#### [WORK REQUEST]
When you reach the line containing "Tecnos Schreibtisch NEW" in the entries below, start writing out each line exactly, and stop after the line containing "Пример написания русского".

#### [DATASET EXTRACT]
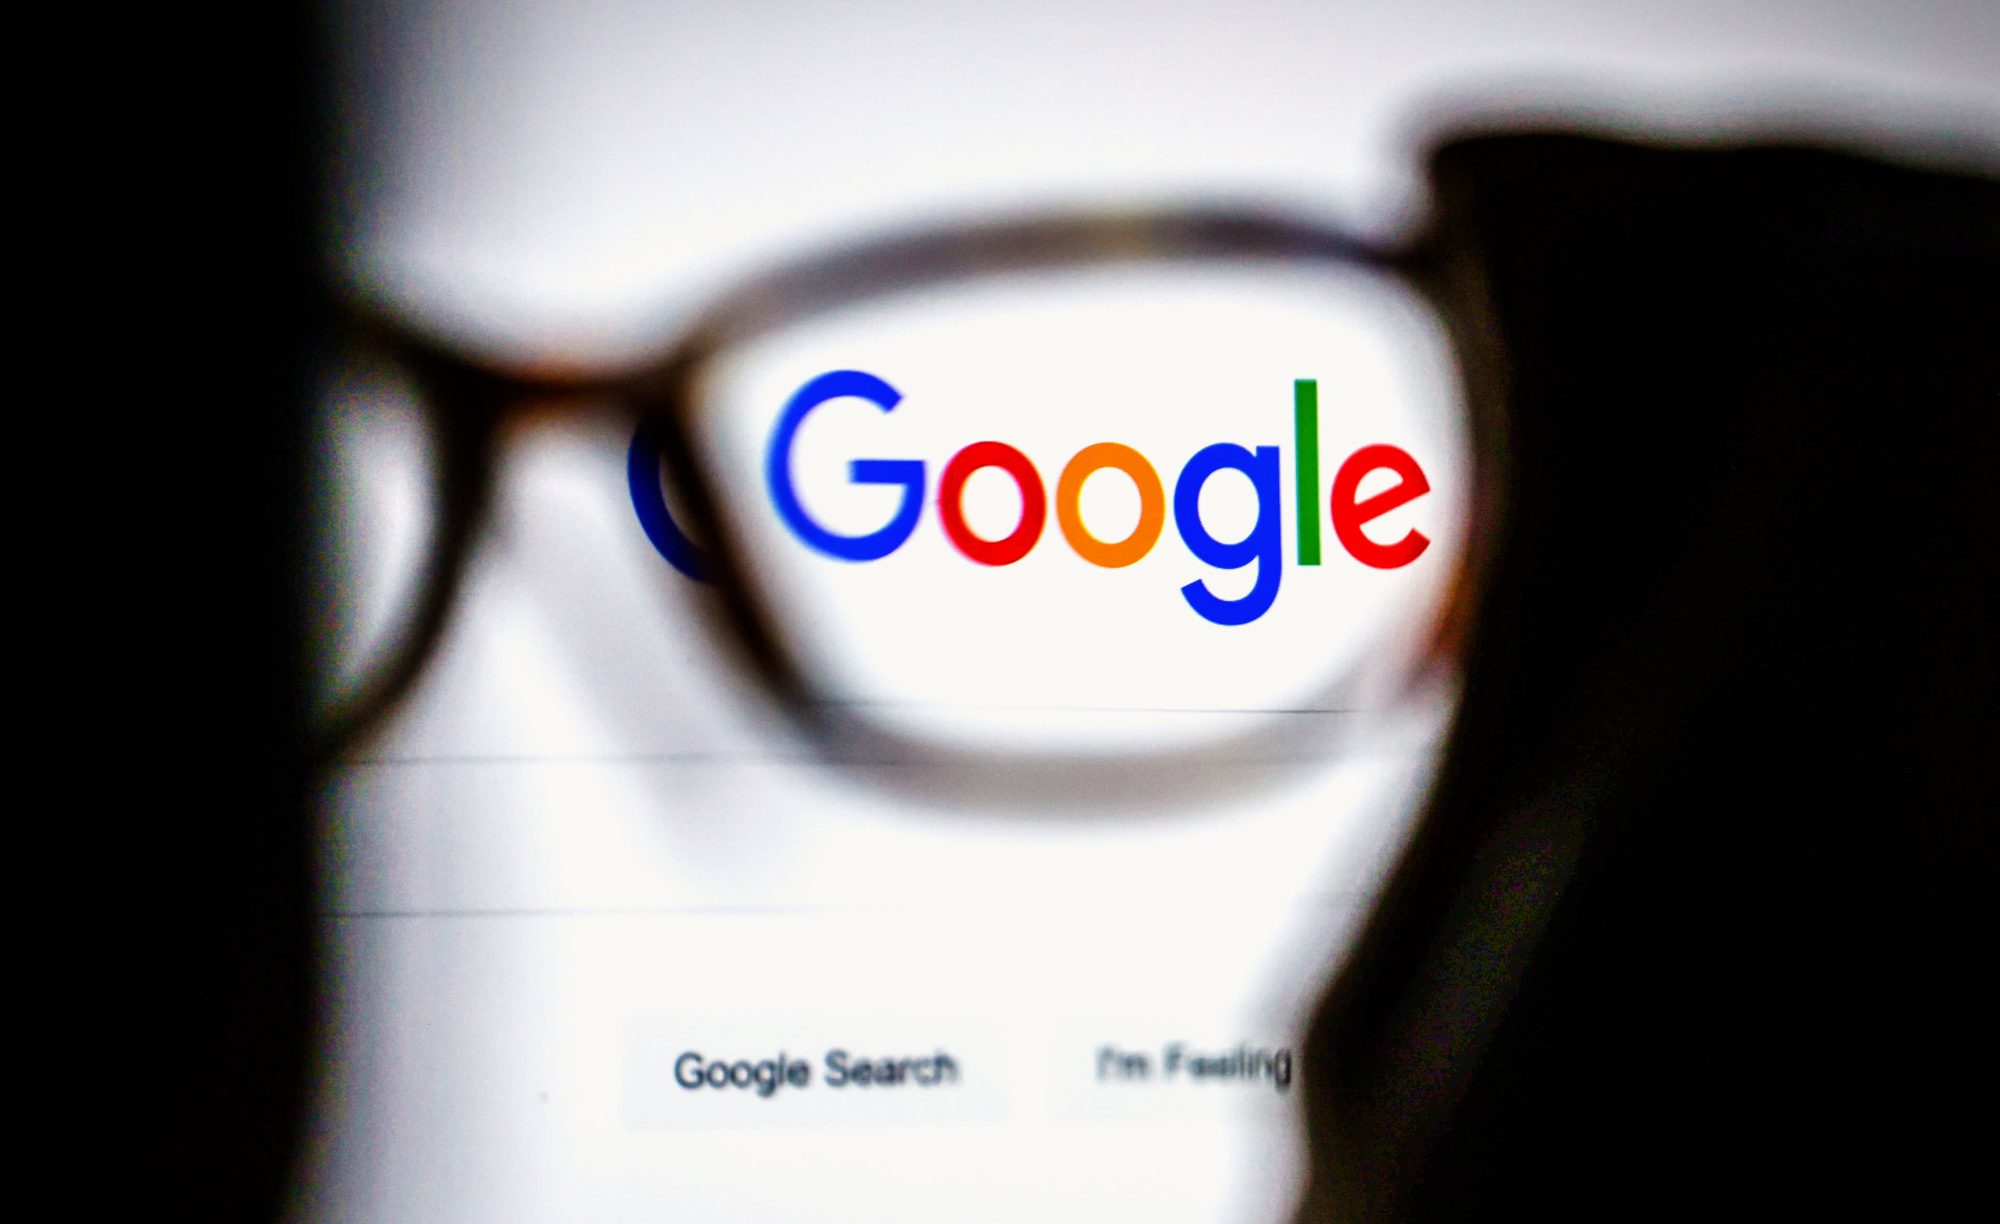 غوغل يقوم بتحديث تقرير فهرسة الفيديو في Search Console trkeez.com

==

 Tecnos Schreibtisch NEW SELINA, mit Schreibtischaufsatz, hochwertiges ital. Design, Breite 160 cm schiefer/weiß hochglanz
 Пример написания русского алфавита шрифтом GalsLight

#### [COMPLETED TASK]
 Tecnos Schreibtisch NEW SELINA, mit Schreibtischaufsatz, hochwertiges ital. Design, Breite 160 cm schiefer/weiß hochglanz
 Пример написания русского алфавита шрифтом GalsLight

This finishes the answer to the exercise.